**Data provided**:

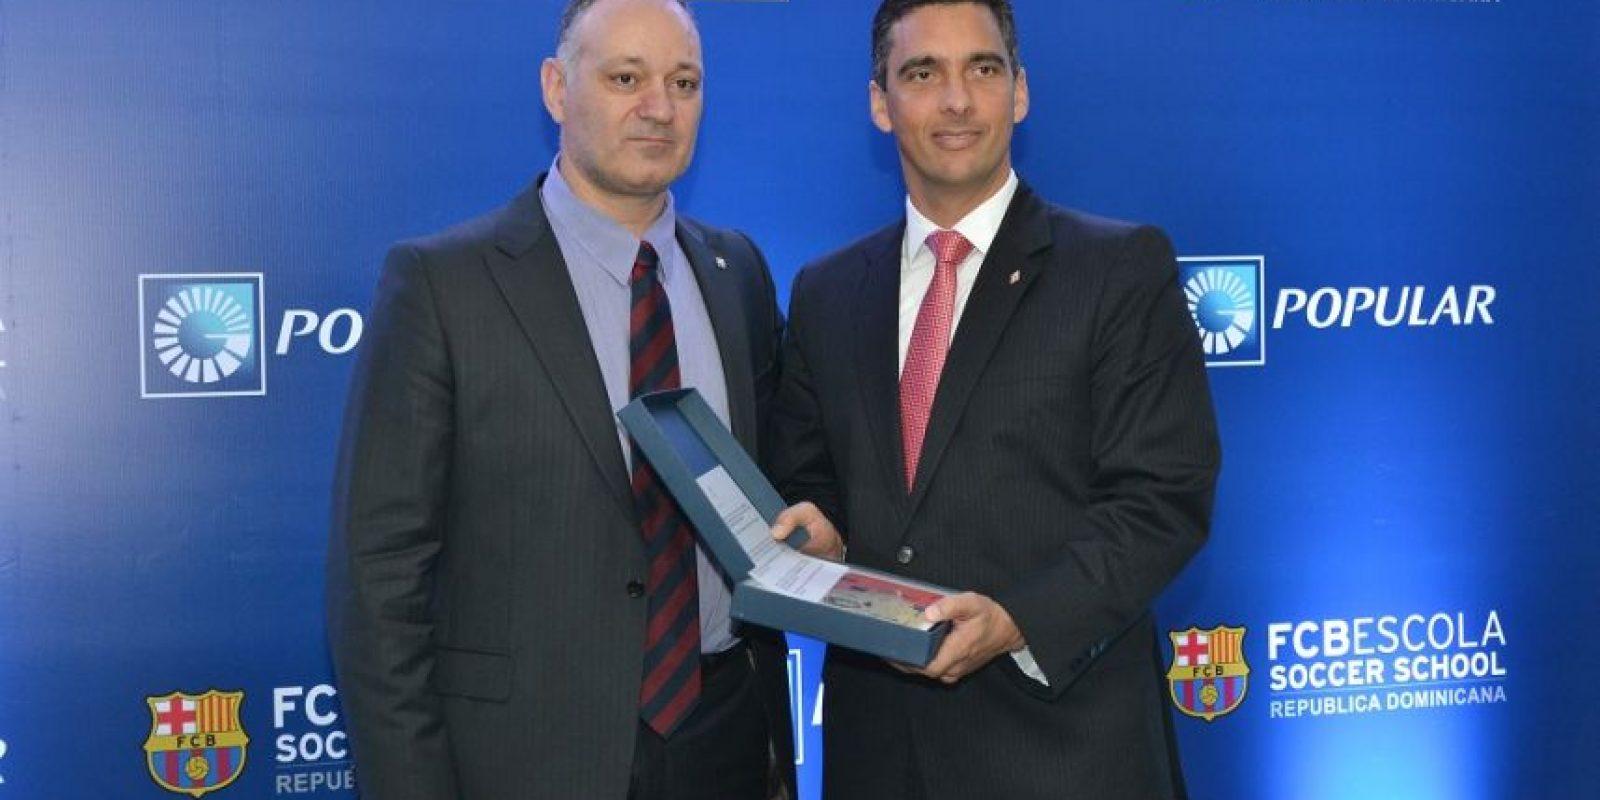 Carles Folguera junto a Roberto Ramìrez, ejecutivo del Banco Popular. Foto: Mario de Peña
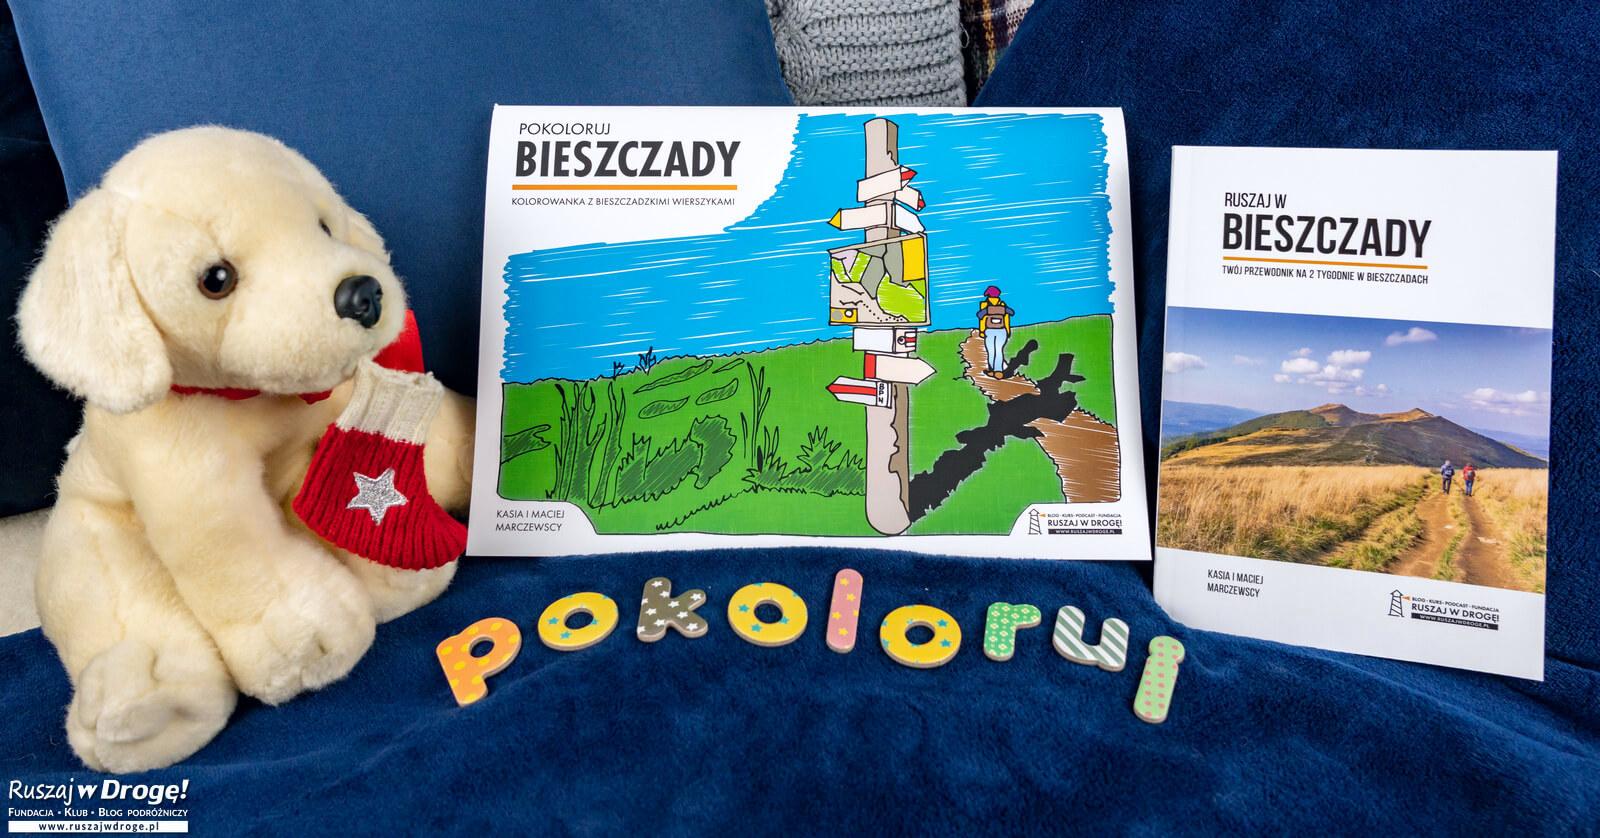 ZESTAW: Przewodnik Ruszaj w Bieszczady + Kolorowanka Pokoloruj Bieszczady
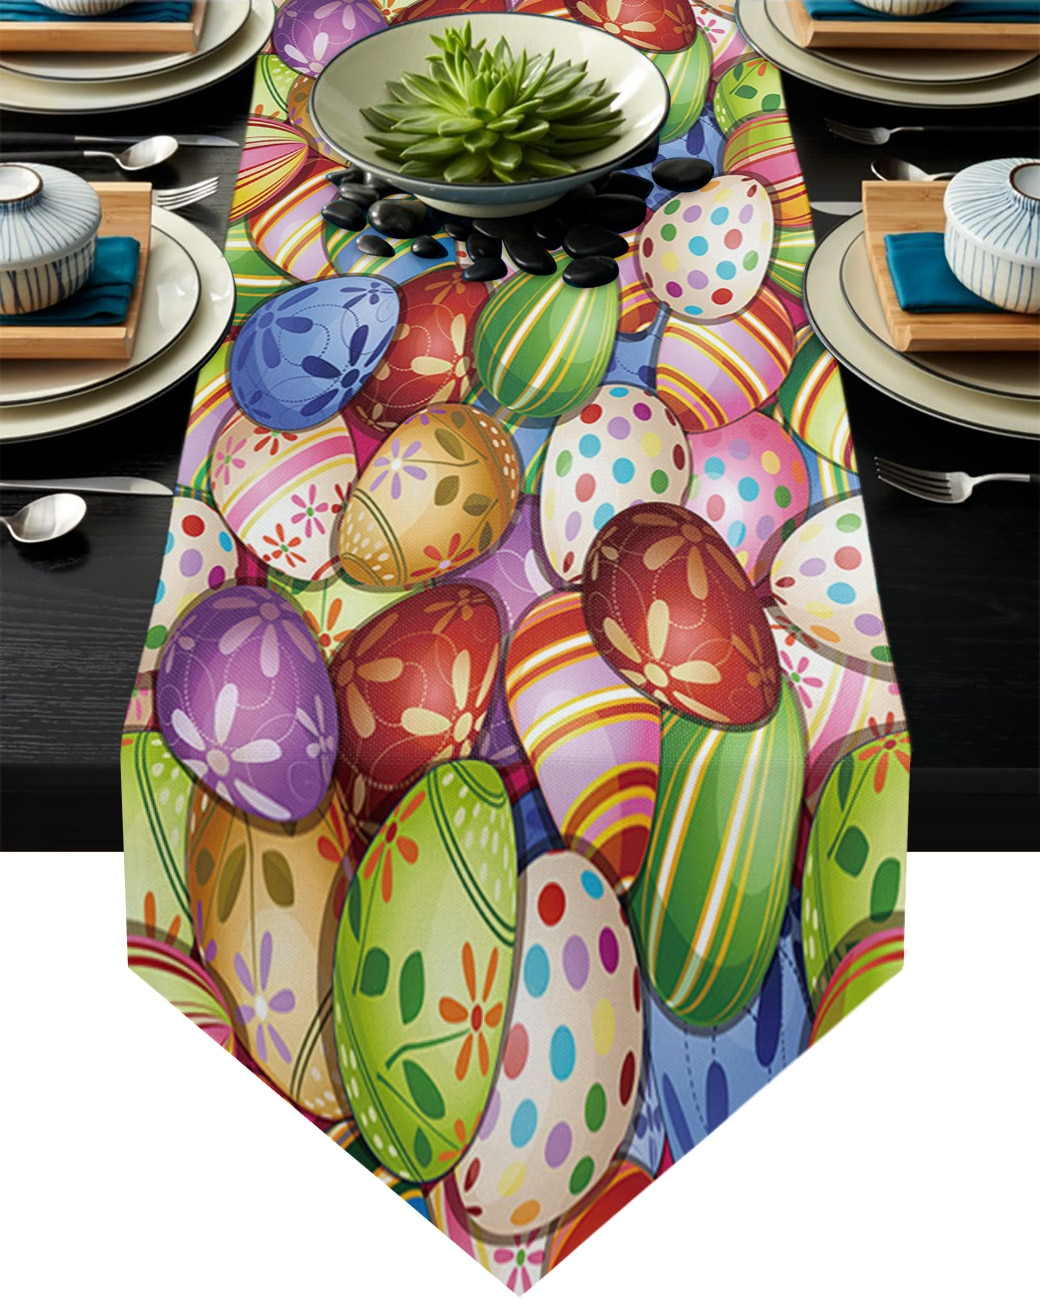 مفرش طاولة بنمط بيض عيد الفصح ، مفرش طاولة ، مفرش طاولة ، زينة زفاف

**Task instructions**: The data above is to be printed exactly, all of it, except for the pictures.

**Response to this exercise**:
 Carles Folguera junto a Roberto Ramìrez, ejecutivo del Banco Popular. Foto: Mario de Peña
 ZESTAW: Przewodnik Ruszaj w Bieszczady + Kolorowanka Pokoloruj Bieszczady
 مفرش طاولة بنمط بيض عيد الفصح ، مفرش طاولة ، مفرش طاولة ، زينة زفاف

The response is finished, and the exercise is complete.